In this layout, suction is provided by the blower 3 via a suction pipe 4 to a component vacuum loader 5 adapted for separating the airflow from the components conveyed by the flow of air through the pneumatic conveyor tube 6. The components are transferred into the pneumatic conveyor tube 6 via the component pick up unit 7 that lifts the components out of the octagonal bin 8 by suction and further transfers the components from the component pick up unit into the pneumatic conveyor tube 6.

For this purpose, the octagonal bin 8 is positioned next to the component pick up unit 7 under the open end 11 of the suction conveyor 12. The suction conveyor 12 is connected at its opposite end 13 to the pneumatic conveyor tube 6 so that the components in the octagonal bin can be lifted by the flow of air provided by the blower 1 .

In this embodiment the suction conveyor 12 have a upstream conveyor tube 14 telescopically connected to an downstream conveyor tube 15 so that the length of the suction conveyor tube 12 can be changed in order to reach different levels of components present in the octagonal bin 8. In order to avoid bridging of components in the octagonal bin 8 or in order to reduce the necessary air speed for lifting the components from the octagonal bin 8 the downstream conveyor tube 15 is suspended from the supporting structure of the component pick up unit 7 via a universal joint bracket 16. This provides that the suction conveyor 12 can swing about two substantially orthogonal axes 17, 18, so that the open end 11 of the suction conveyor 12 can sweep over and in a safe distance above the components in the octagonal bin 8.

According to the principle of the invention, the component pick up unit 7 comprises a suction conveyor tube 19 and a second suction tube 20 having an opening inside the suction conveyor tube 19. In the embodiment shown in figure 2 the suction conveyor tube 19 and the second suction tube 20 are established using two concentric tubes with the suction conveyor tube 19 arranged inside the second suction tube 20. A grating 21 is made in the wall of the suction conveyor tube 19 forming the opening into the second suction tube 20.
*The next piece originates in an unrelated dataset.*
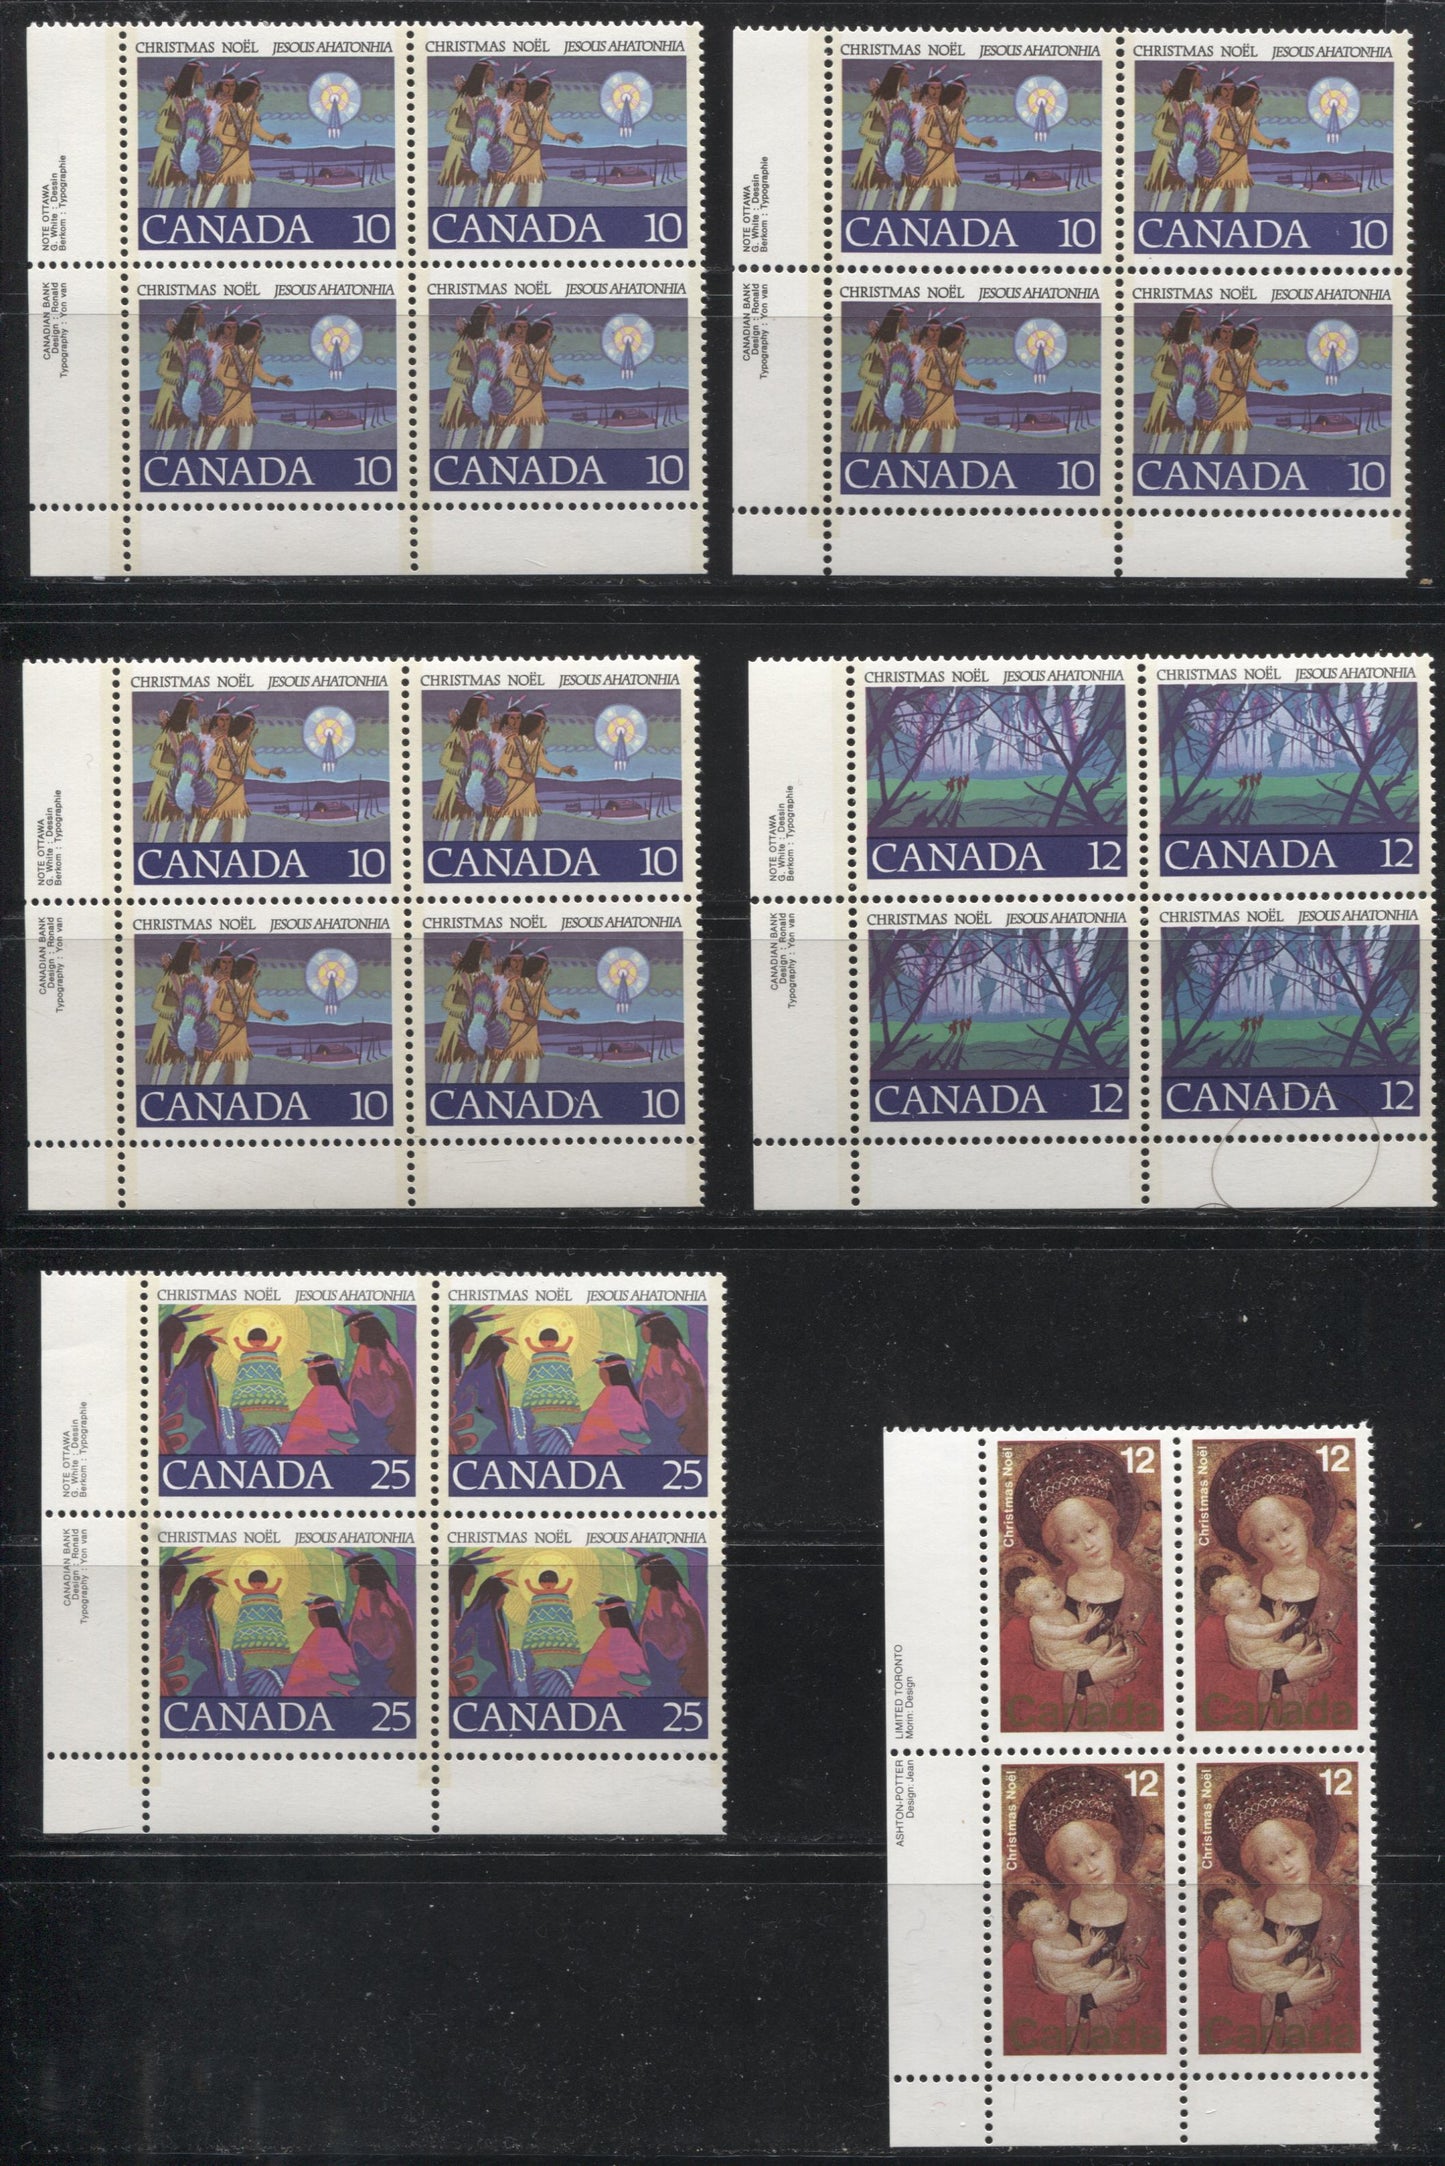 Lot 200 Canada #741/841 1977-1979 Christmas Issues - A Specialized Lot of 11 VFNH Lower Left Inscription Blocks, With Different Paper Types

As both the suction conveyor tube 19 and the second suction tube 20 are connected to a suction blower 1 , then the flow of air 22 that is necessary for lifting components out of the bin 8 is divided into two air streams 23, 24 as shown in figure 2.

Only one of the air streams 23 further conveys the components to the pneumatic conveyor tube 6 as shown in figure 1 . The speed of this air stream 23 is therefore significantly reduced with respect to the air stream 22 necessary for lifting the components out of the bin 8, and thereby the components are conveyed through the pneumatic conveyor tube at a relatively reduced speed. Figure 3 illustrates the working principle of the embodiment of the invention as shown in figure 1 . Here the open end 11 of the suction conveyor 12 is caused first to sweep in substantial horizontal directions along the path 25 and then to move downwards along the line 26 hereafter it is again caused to sweep in horizontal directions along the path 25’. This working principle may be used with any type of component pick up unit and it is established in this embodiment by the bracket 16 and the telescopically suction conveyor 12, and a number of actuators that are not shown in the drawings for clarity reasons.